Introduction

For Garage’s sixth Atrium Commission Berlin-based artist Anri Sala presented an installation of sound and sculpture entitled The Last Resort. Responding to the architecture and acoustics of the 9.5-meter high atrium space, the artist has developed a site-specific work featuring thirty-eight snare drums that generate sound in response to vibrations emanating from loudspeakers within each instrument.

 

At the core of the piece is a new rendition of Mozart’s Clarinet Concerto in A Major, written in 1791. One of the composer’s last works, it became a pivotal musical creation of the Enlightenment, which was a time when European nations were rethinking the constructs of politics and science. Exploring the cultural complexity of the period, Sala replaces the original tempo indications in Mozart’s composition with instructions based on wind conditions recorded by émigré James Bell during his sea voyage from England to Australia. At the time, winds and currents could significantly affect the journey and often determined its success or failure. Inserted into the score, the daily account of the weather transforms Mozart’s Concerto to reflect moments of doldrums, light breezes, strong gusts of wind, and storms.
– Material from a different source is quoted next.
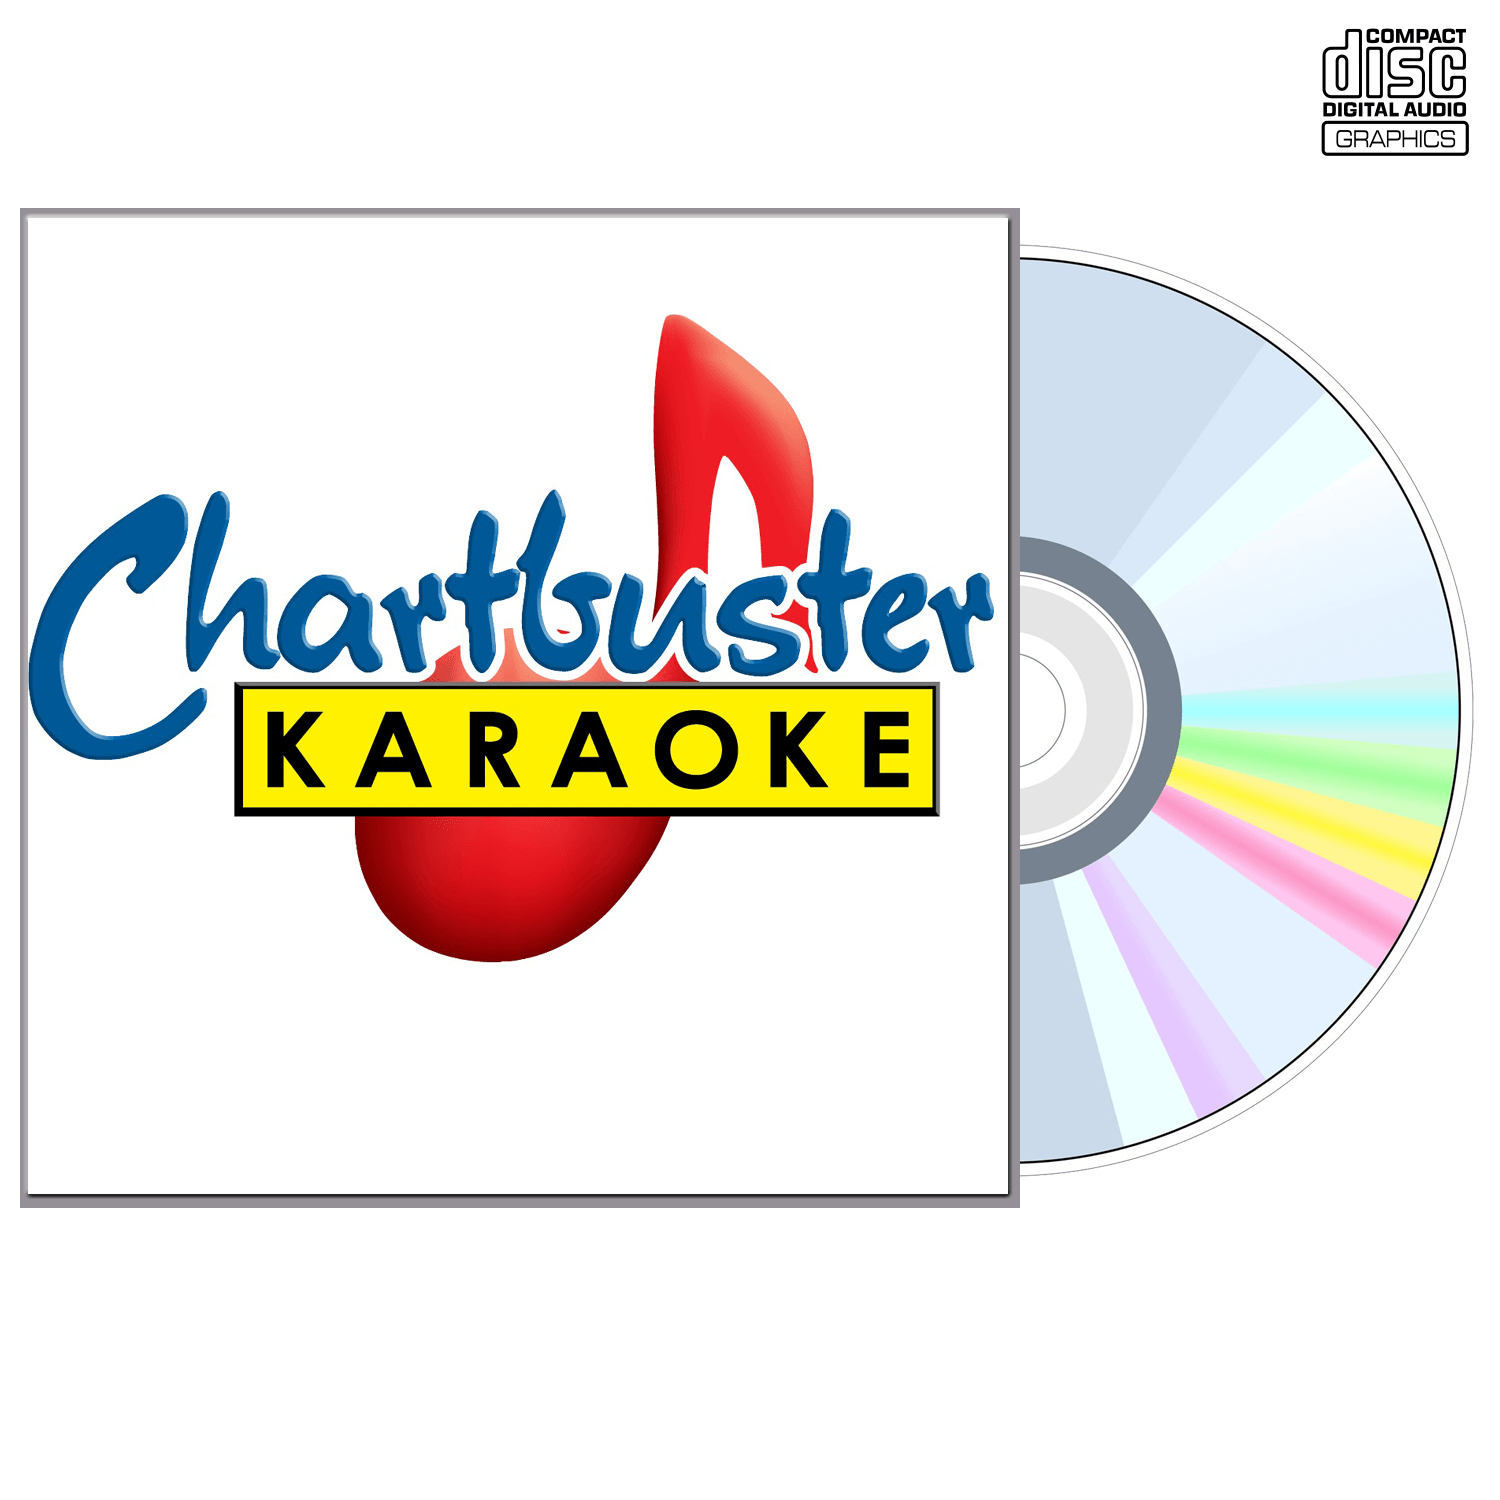 Best Of Mark Chesnutt - CD+G - Chartbuster Karaoke - Karaoke Home Entertainment

The composition is thus distorted—or, as Sala puts it, corrupted—by unforeseen travel conditions that go against the composer’s original intention. “My aim was to compose with corruption,” he explains. “I wanted to imagine […] what would become of Mozart’s Clarinet Concerto if it were to float and drift like a message in a bottle, until it is washed ashore after a long voyage.” As such, The Last Resort amplifies what the artist describes as “contradiction between the departure point of some remarkable principles of the Enlightenment—such as tolerance and a non-judgmental acceptance of the other—and their fallouts on arrival, exacerbating prejudices, which in turn caused untold devastation and loss.”